§ Task details: Beginning with the line where "Diseño de almohada" appears, restate each line word for word until the data ends. Pictures do not go in.

§ Data excerpt:

= Beginning of Section =

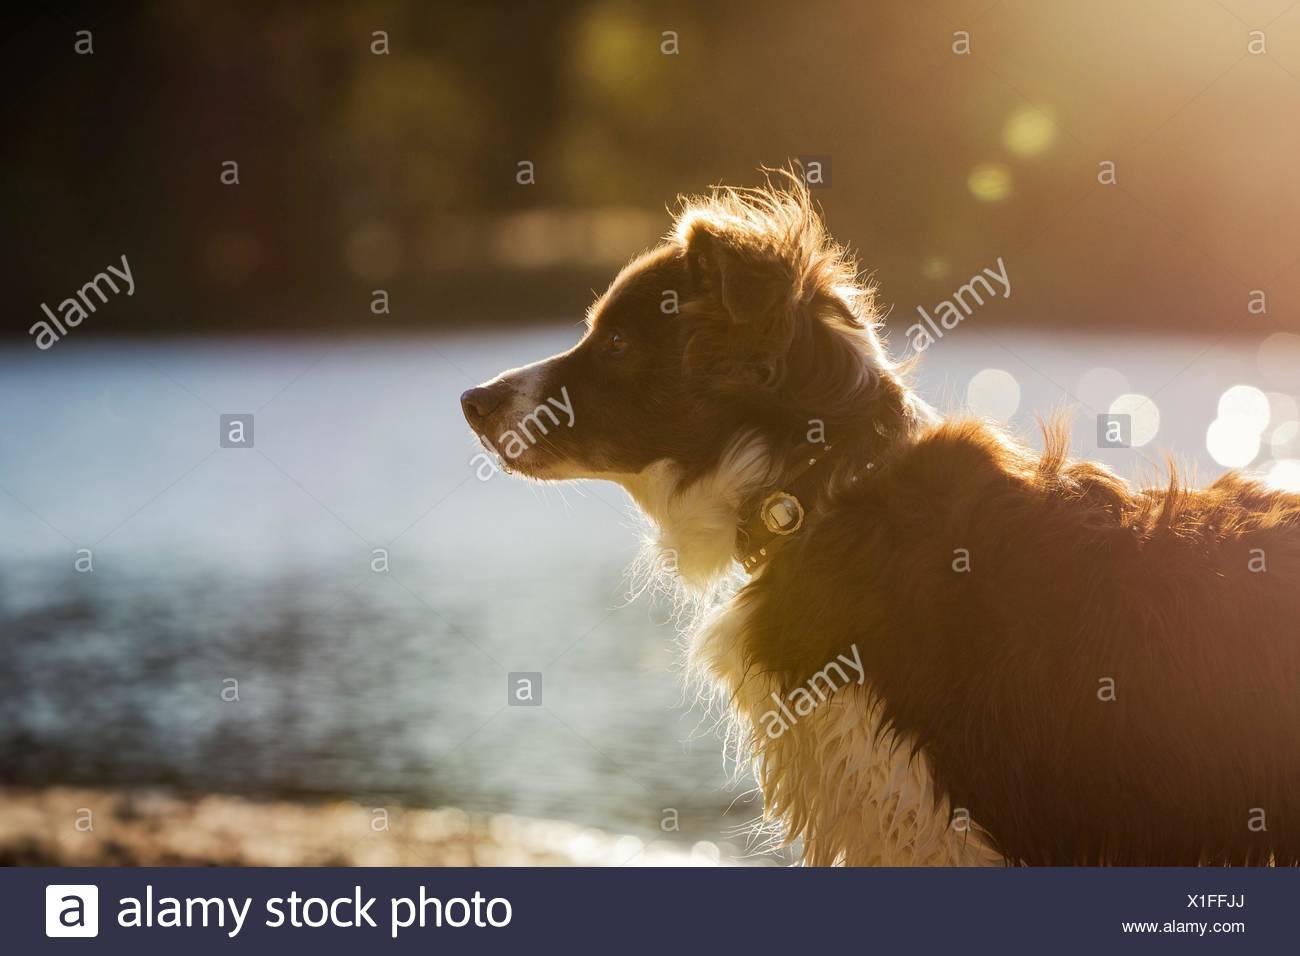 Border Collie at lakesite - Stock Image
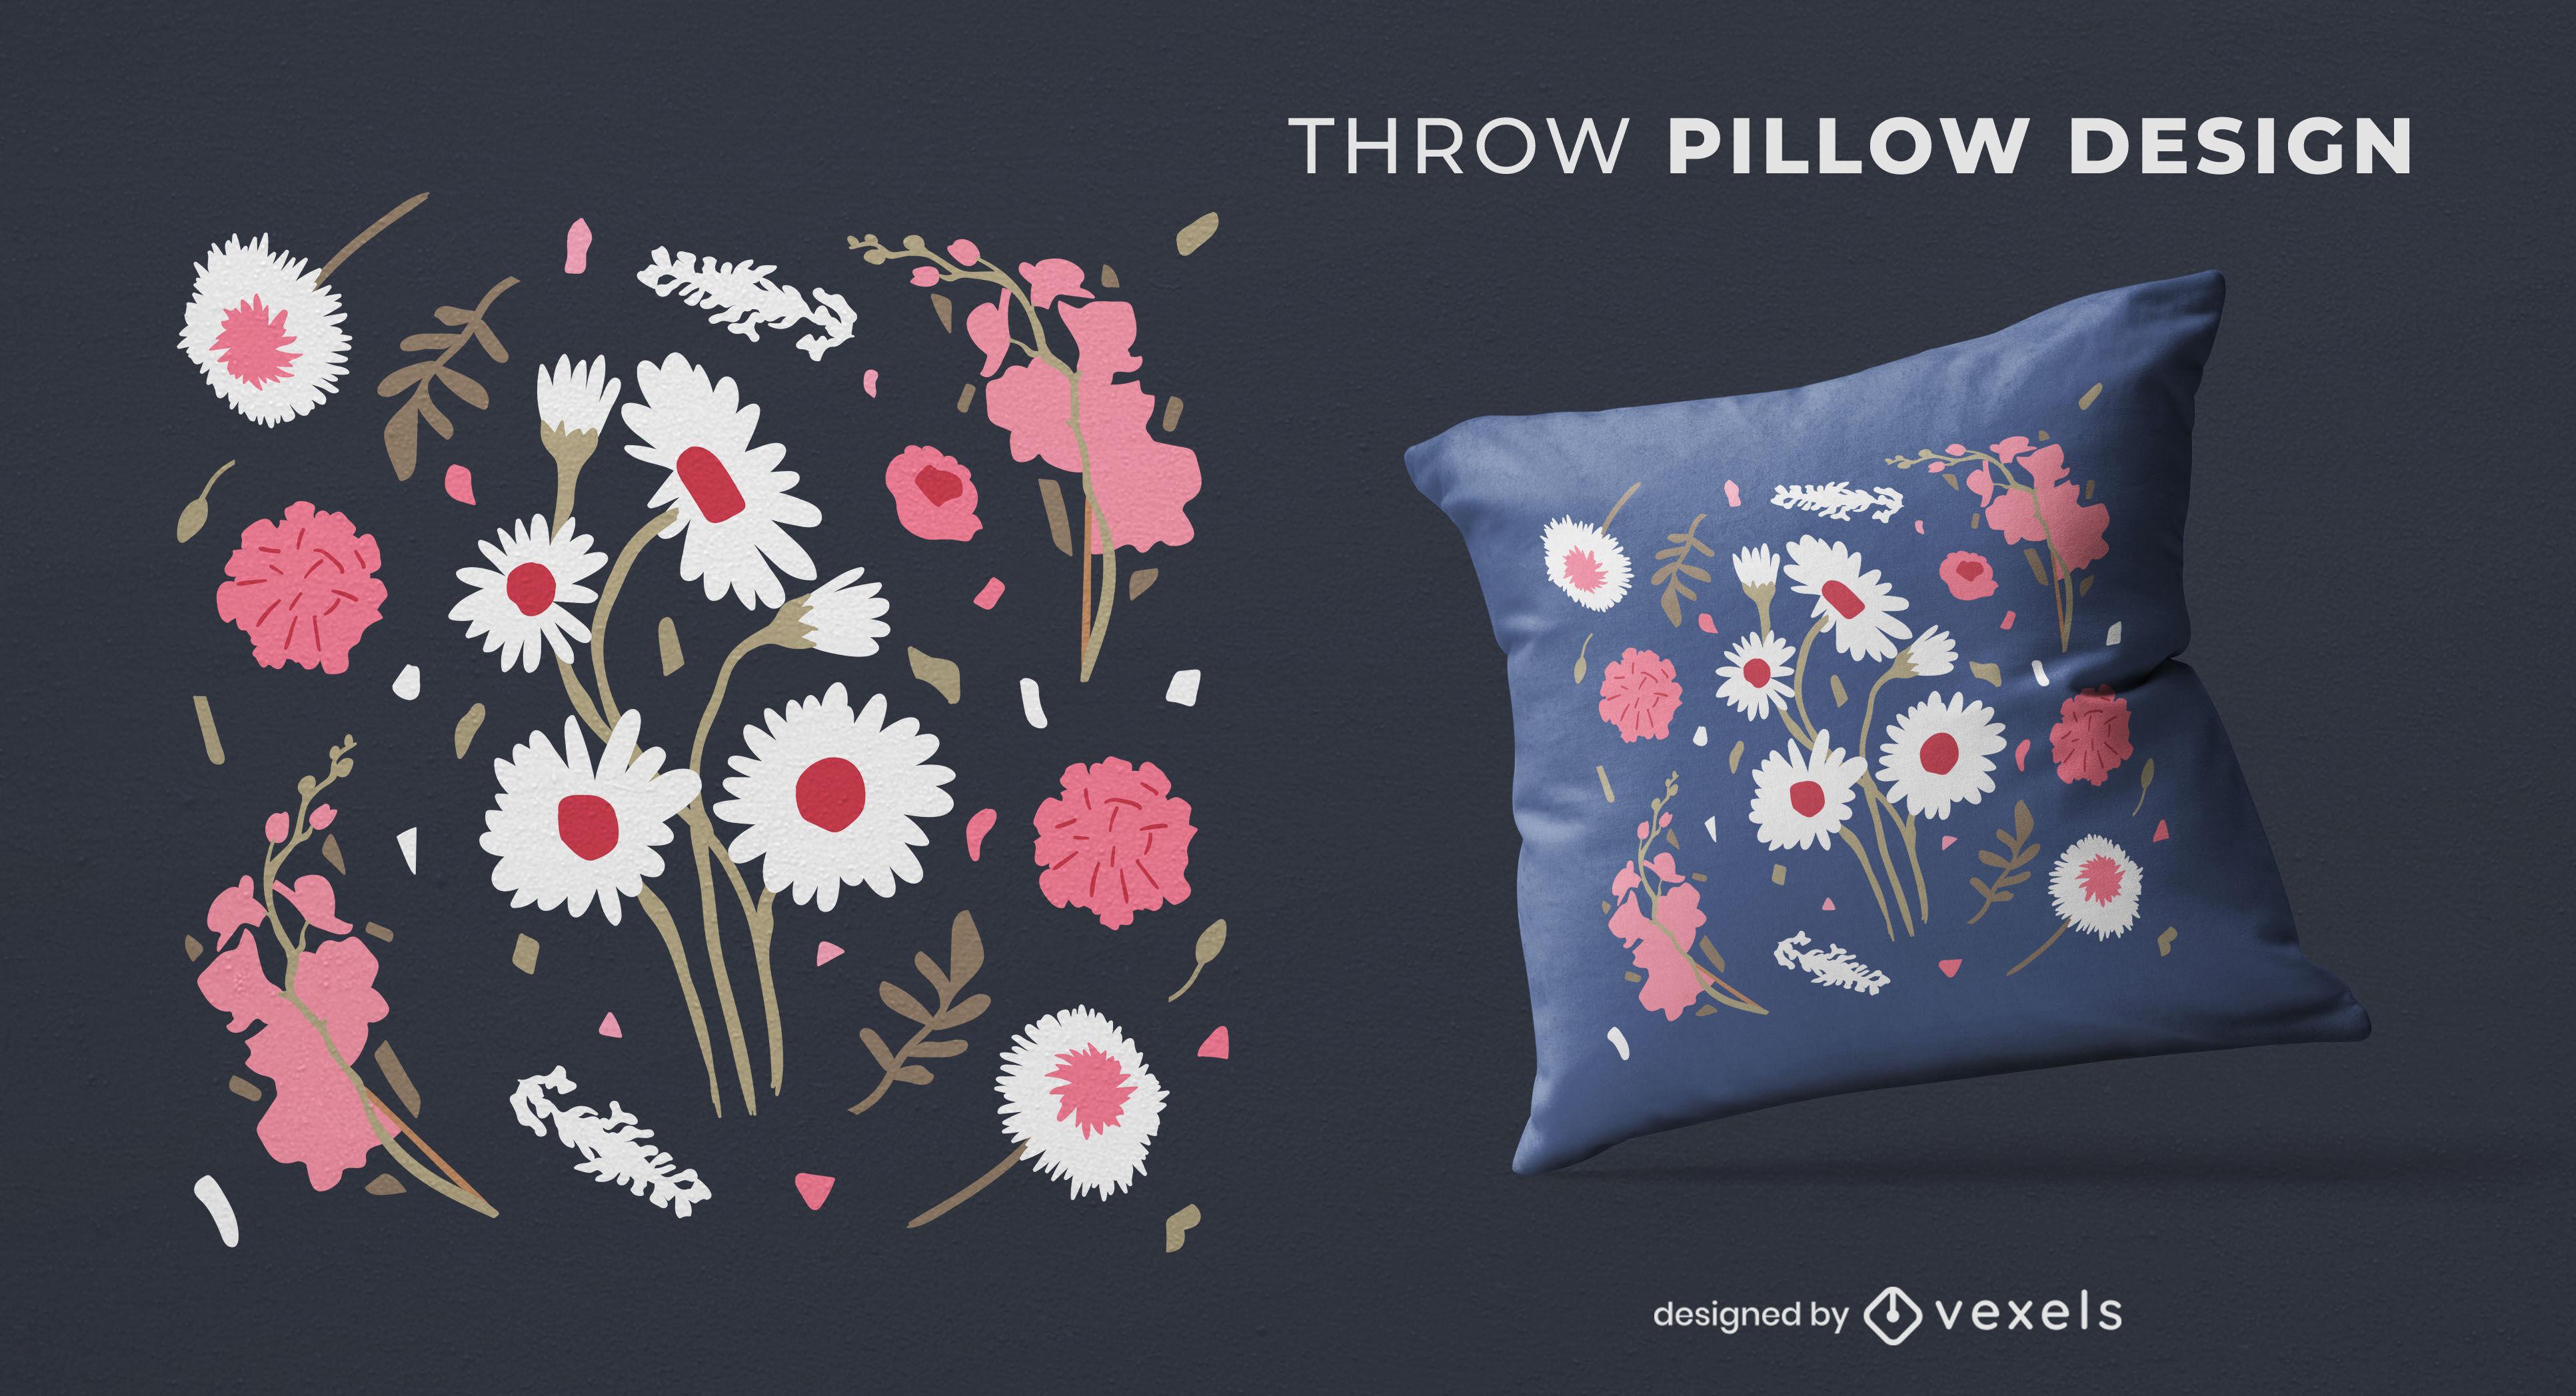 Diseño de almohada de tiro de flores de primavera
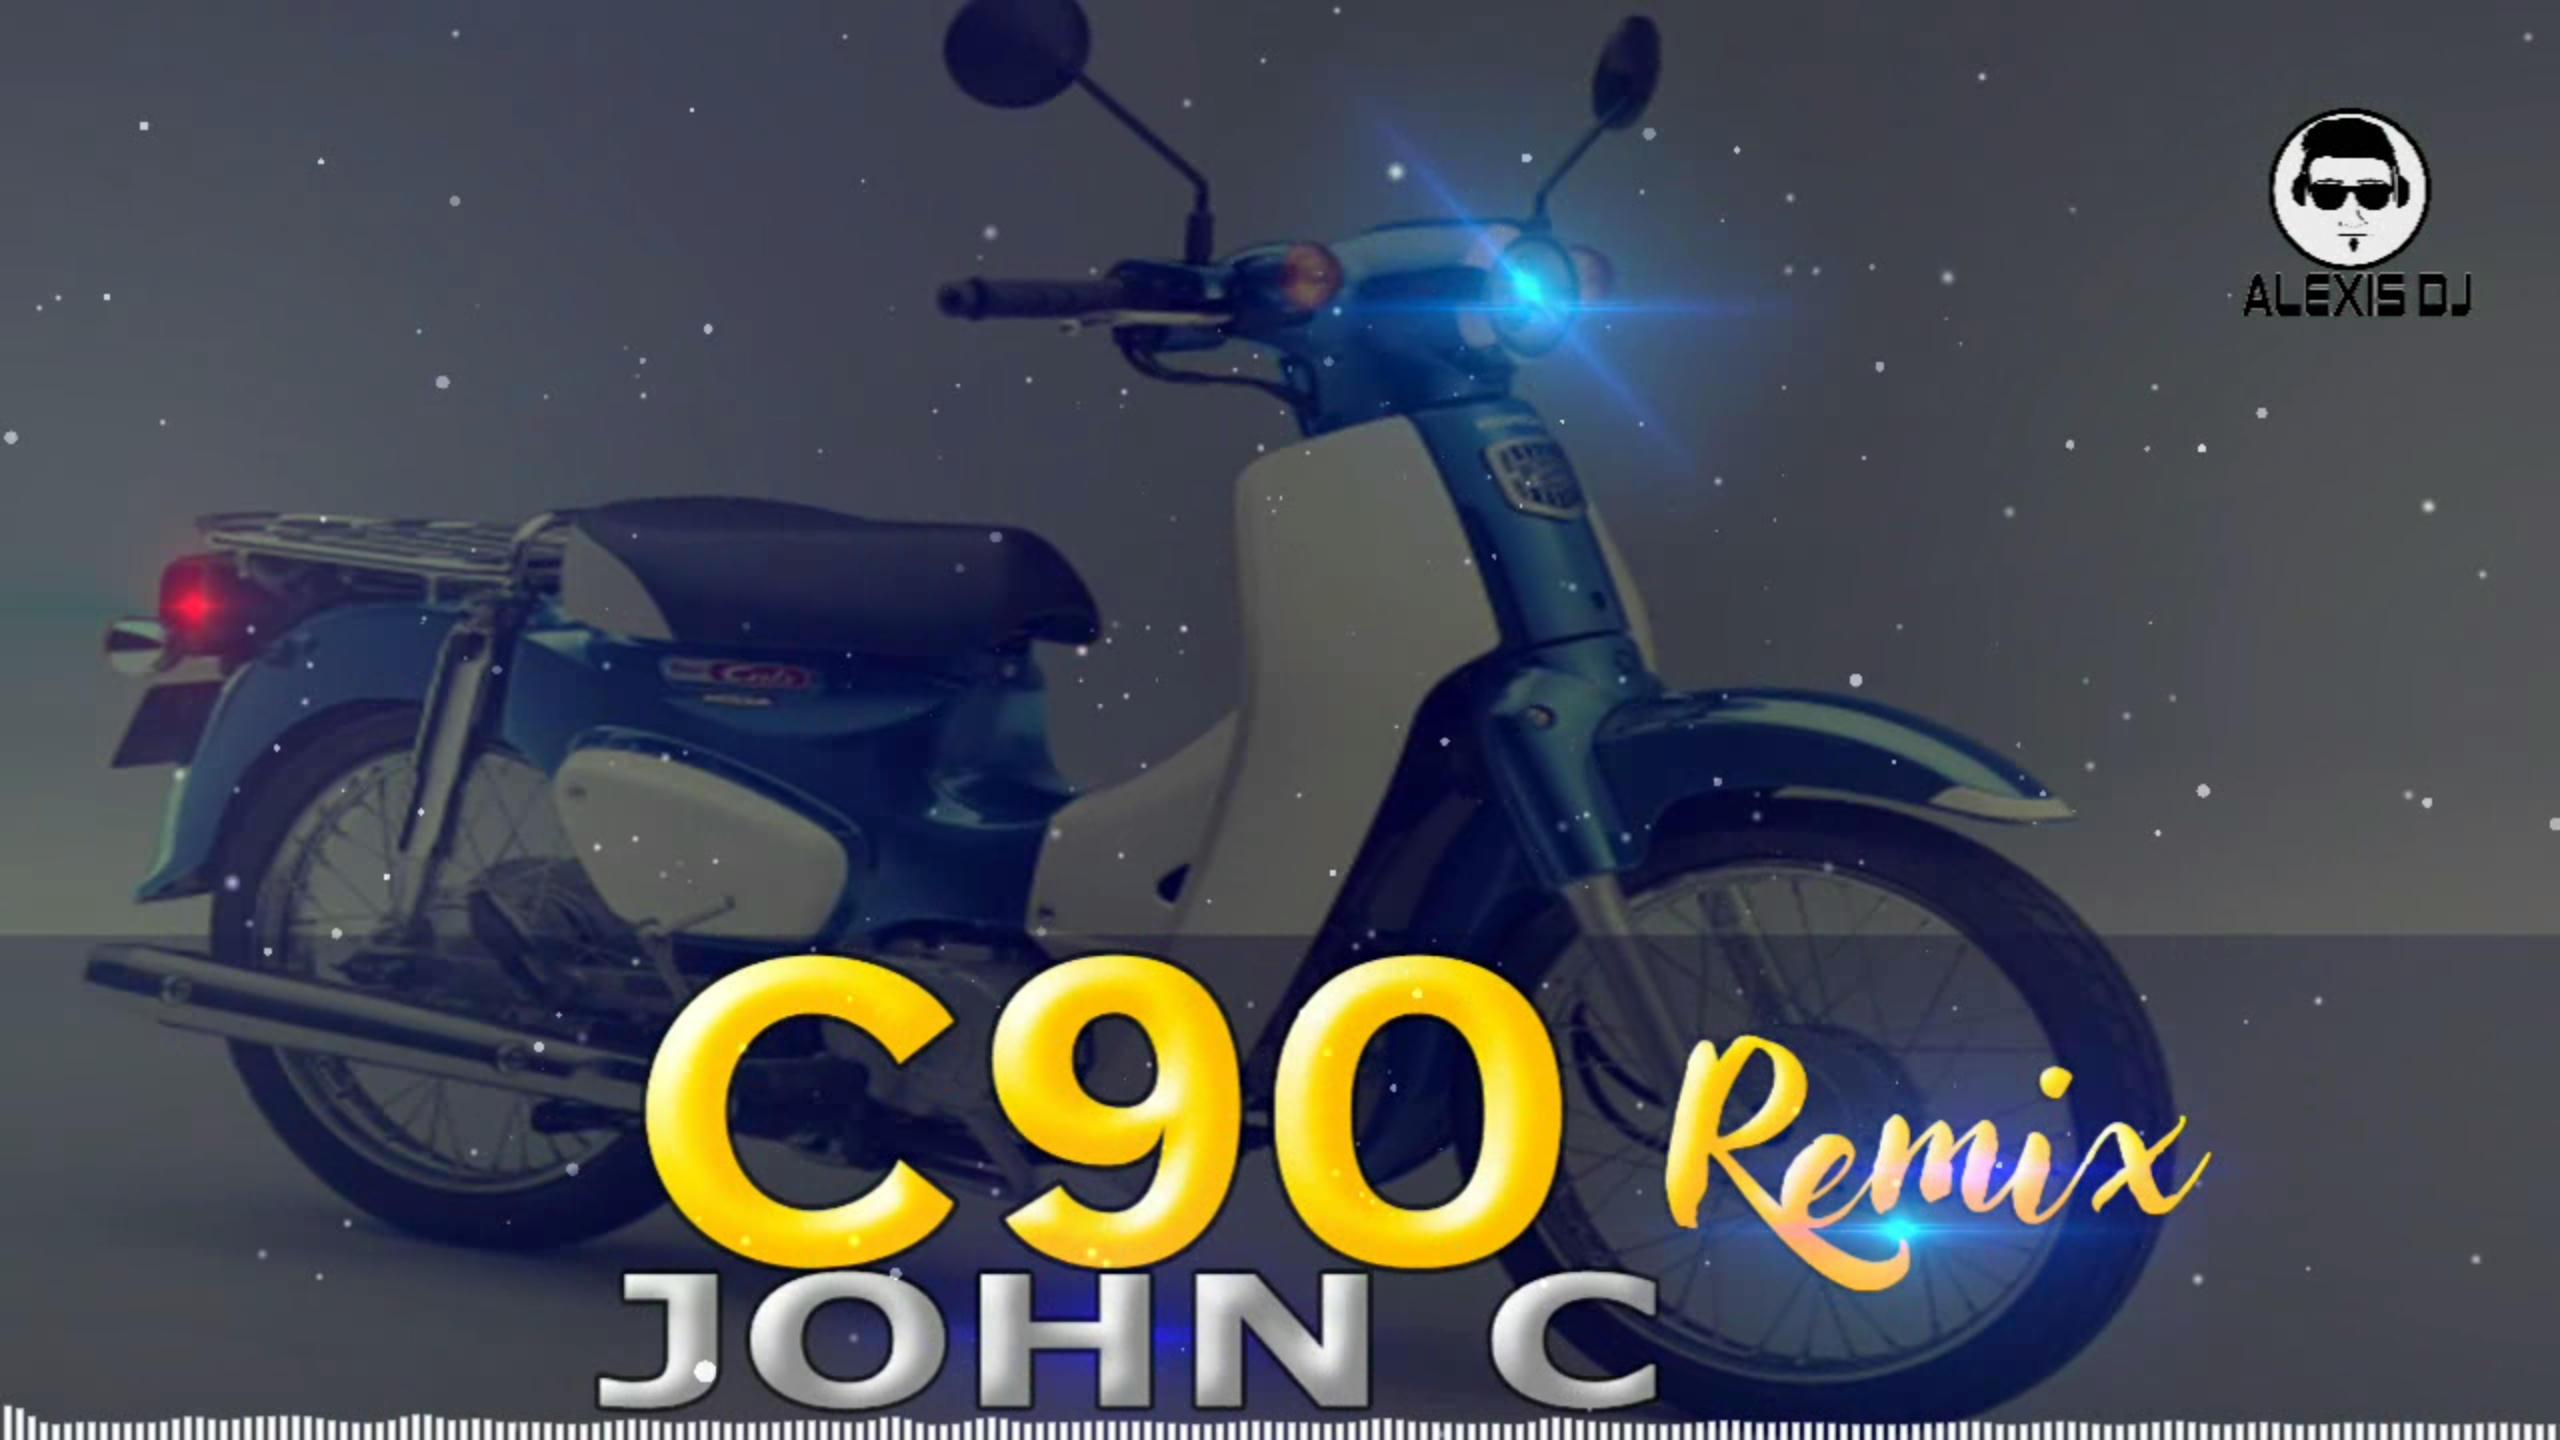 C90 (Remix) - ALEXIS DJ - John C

= End of Section =

§ Solution:
 Diseño de almohada de tiro de flores de primavera
 C90 (Remix) - ALEXIS DJ - John C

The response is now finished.